In a conversation punctuated by deep, insistent whinnies from John Henry ("Why are you speaking to someone else when you should be giving me your entire attention?" he seemed to be saying), she commented that he has curtailed his leisurely walks around the park as a result of his condition.
Yet while he is spending a good deal of time in his stall, "he has his back door open so he can go in his paddock when he wants to. Lately, he has been content to be in his little area, though sometimes he wants to go out on our walkway," Bush said.
John Henry is never shy about letting his minions know his desires.
"He's very demanding for whatever he wants. He'll whinny very loudly and bounce his head up and down and paw the door with his hoof and make a loud banging noise," Bush said.
That behavior can mean either, "I want treats" or "I want out," in John Henry language.
"If he lets you catch him and put the shank on him, then if he wants to go out he'll start trying to bull his way right out the door. If he starts to do that, you know you better take him," Bush said.

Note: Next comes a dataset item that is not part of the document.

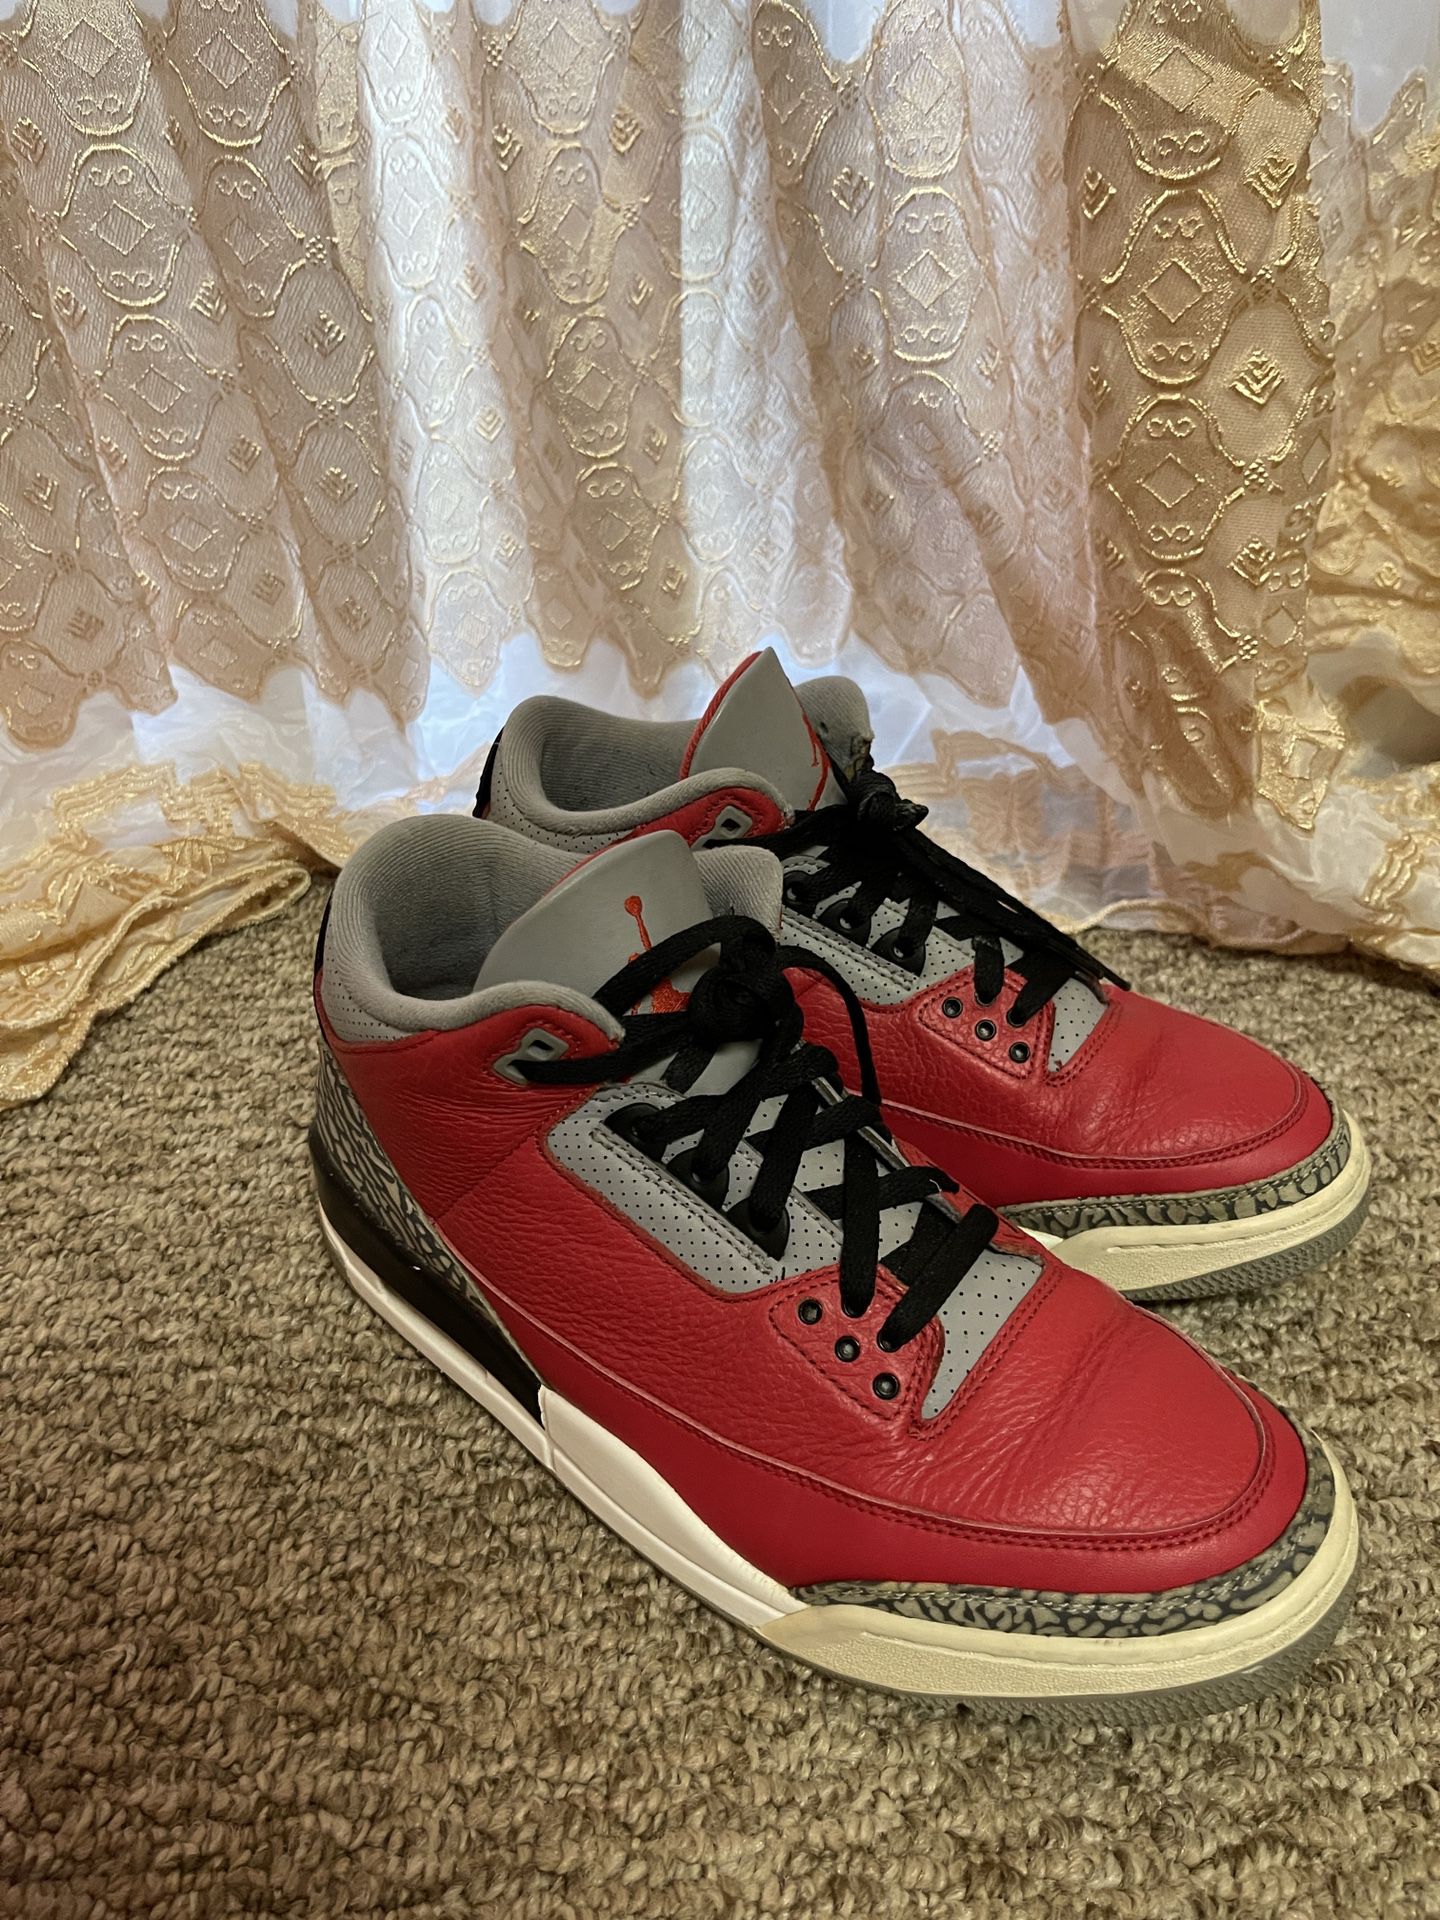 Jordan 3 Red Cement (Size 10.5)

John Henry has been off intravenous fluids for several weeks, but he does get Banamine occasionally and some fluid tubed into his stomach when necessary to make sure he is properly hydrated.
His weight is holding steady, though he is still very thin. Since his teeth are worn, which is part of the natural aging process, he gets meals that are easy to chew and digest. They include Southern States senior feed and on occasion a grain from Purina called Ultium that is high-energy, as well as western timothy hay with soft leaves and head.
John Henry continues to impress everyone around him with his desire not only to live, but to continue his reign as a revered superstar.
"He's fought all his life and had this incredible spirit and the will to conquer and survive," said Bush. "He's still doing that. He loves life and is still fighting for it."